*** Block opens ***
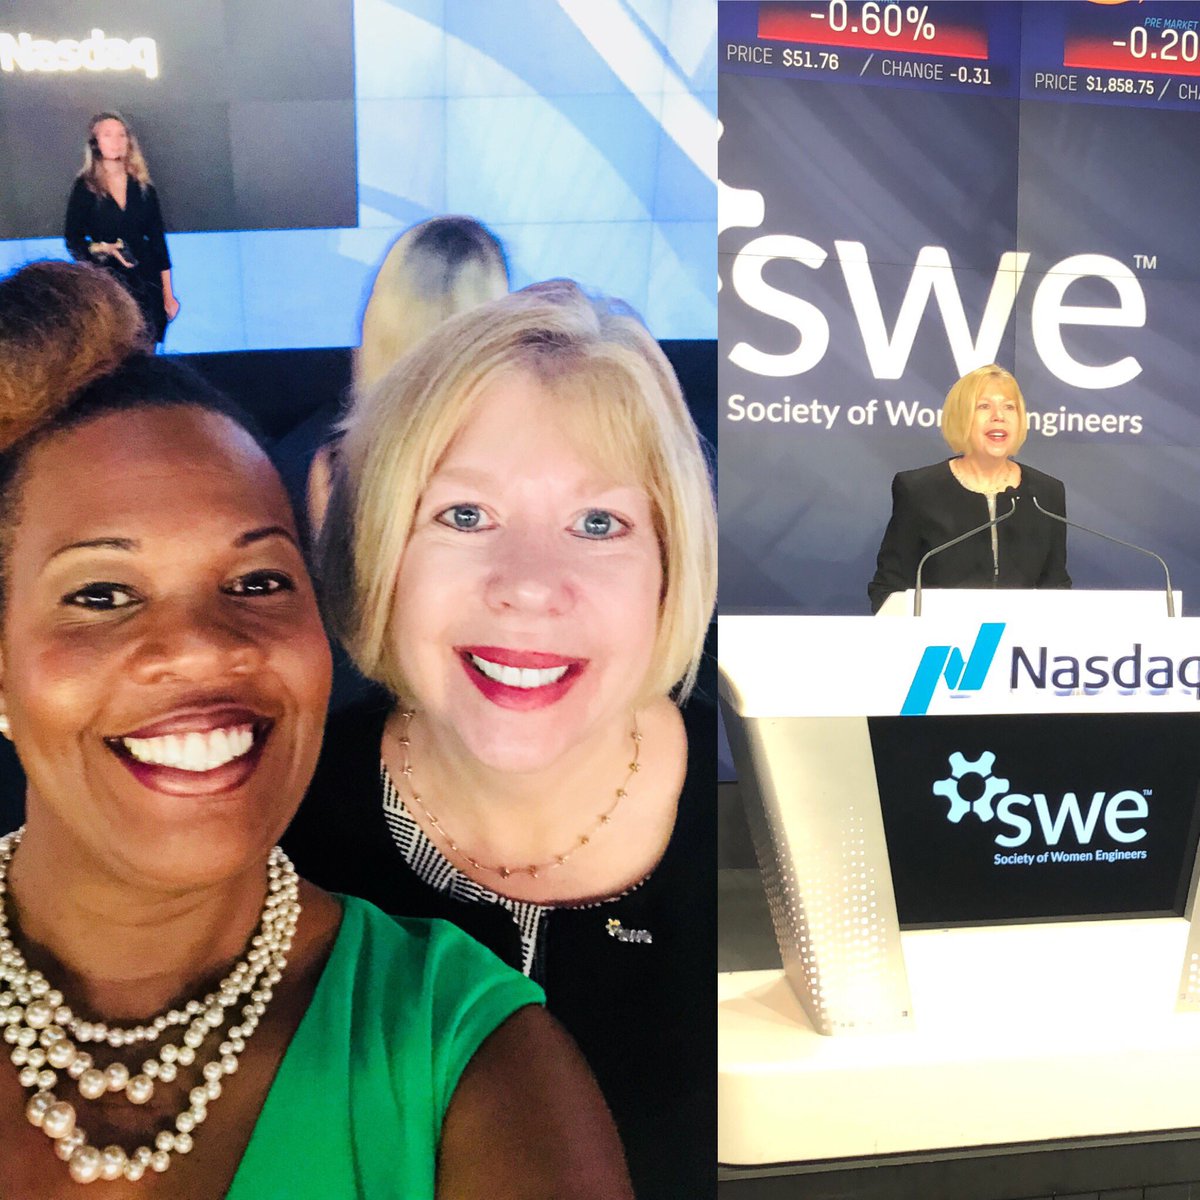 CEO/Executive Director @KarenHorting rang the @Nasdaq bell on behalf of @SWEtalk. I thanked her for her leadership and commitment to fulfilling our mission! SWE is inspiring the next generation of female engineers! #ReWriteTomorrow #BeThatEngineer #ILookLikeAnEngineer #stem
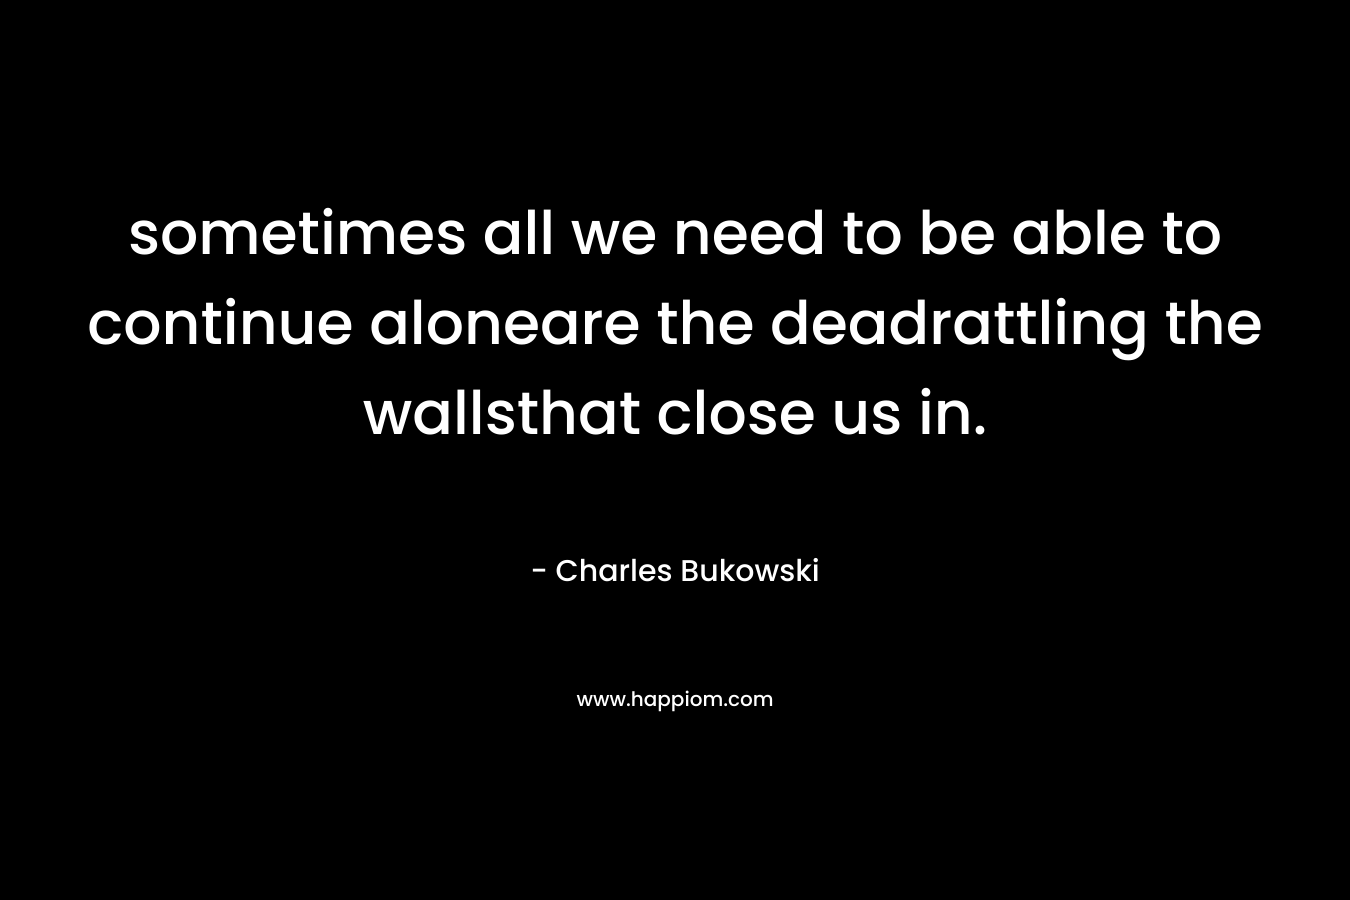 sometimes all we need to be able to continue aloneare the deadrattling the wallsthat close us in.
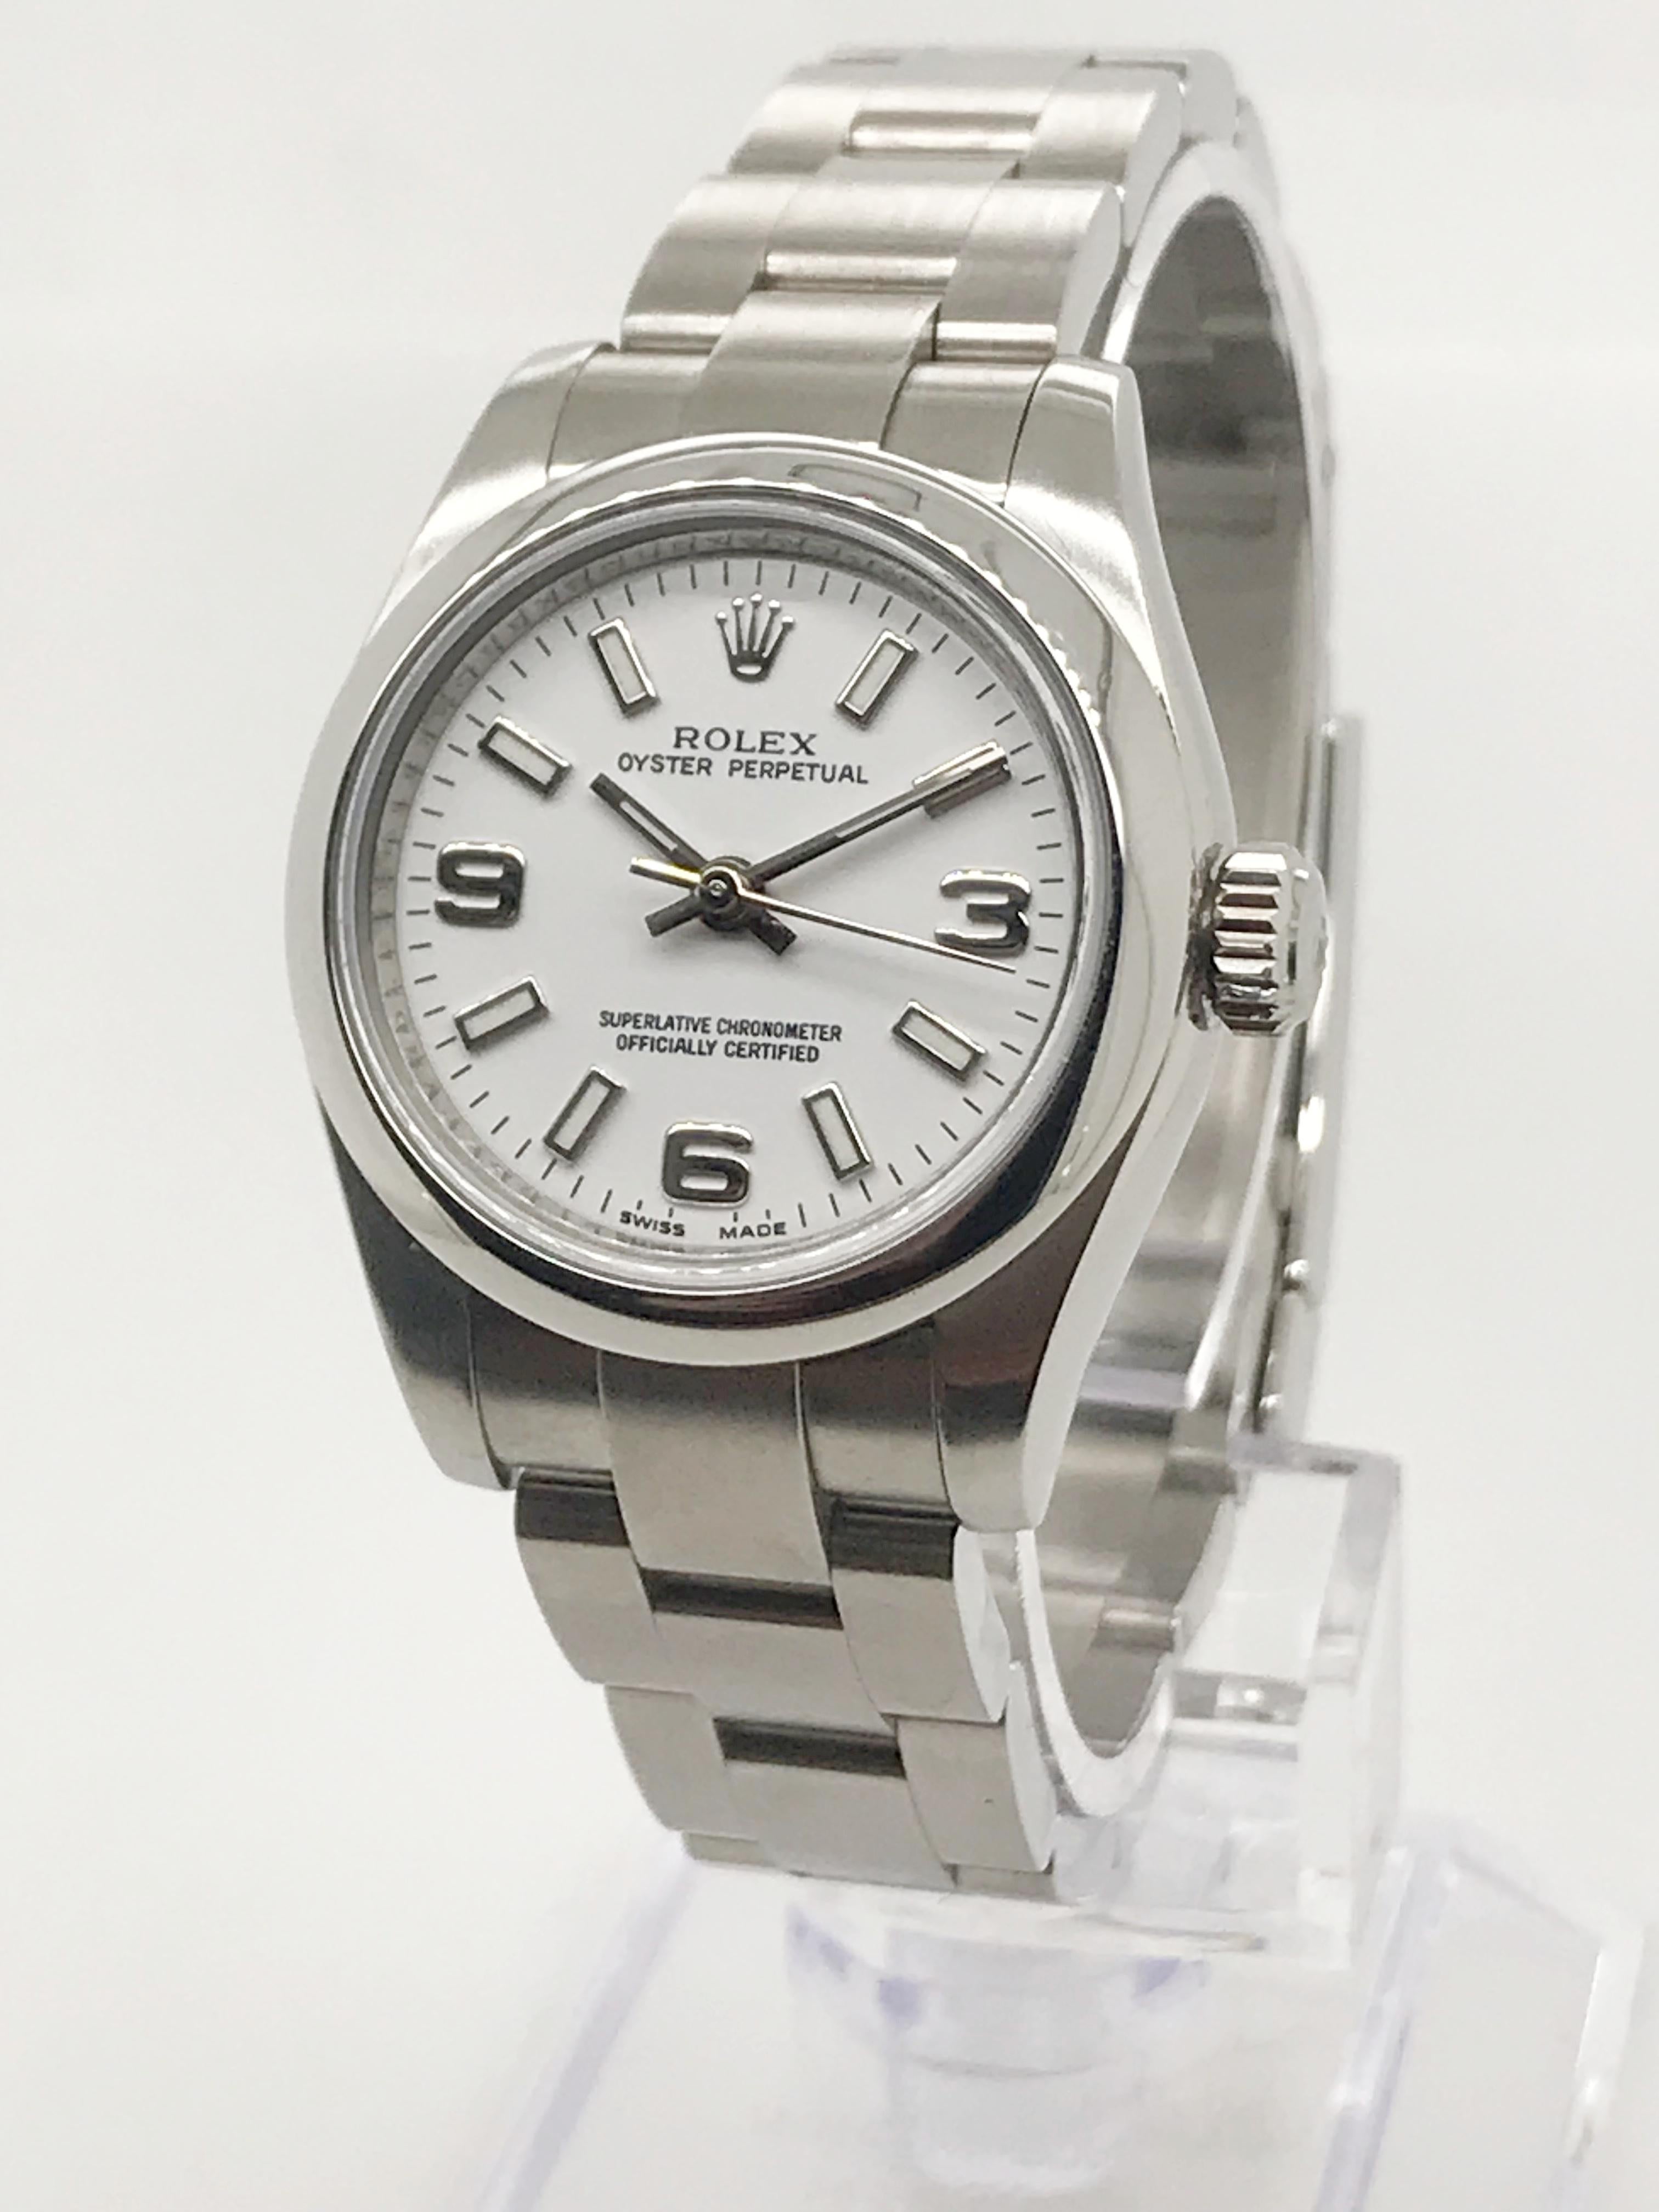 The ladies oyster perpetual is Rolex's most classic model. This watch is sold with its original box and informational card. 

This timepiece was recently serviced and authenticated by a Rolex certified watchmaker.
*** Block closes ***
[THE PROBLEM]
Reproduce the lines of the listing exactly, starting at the one that contains "sometimes all we" and continuing through the final line, but leave out the pictures.

[RESULT BELOW]
 sometimes all we need to be able to continue aloneare the deadrattling the wallsthat close us in.
 The ladies oyster perpetual is Rolex's most classic model. This watch is sold with its original box and informational card. 

This timepiece was recently serviced and authenticated by a Rolex certified watchmaker.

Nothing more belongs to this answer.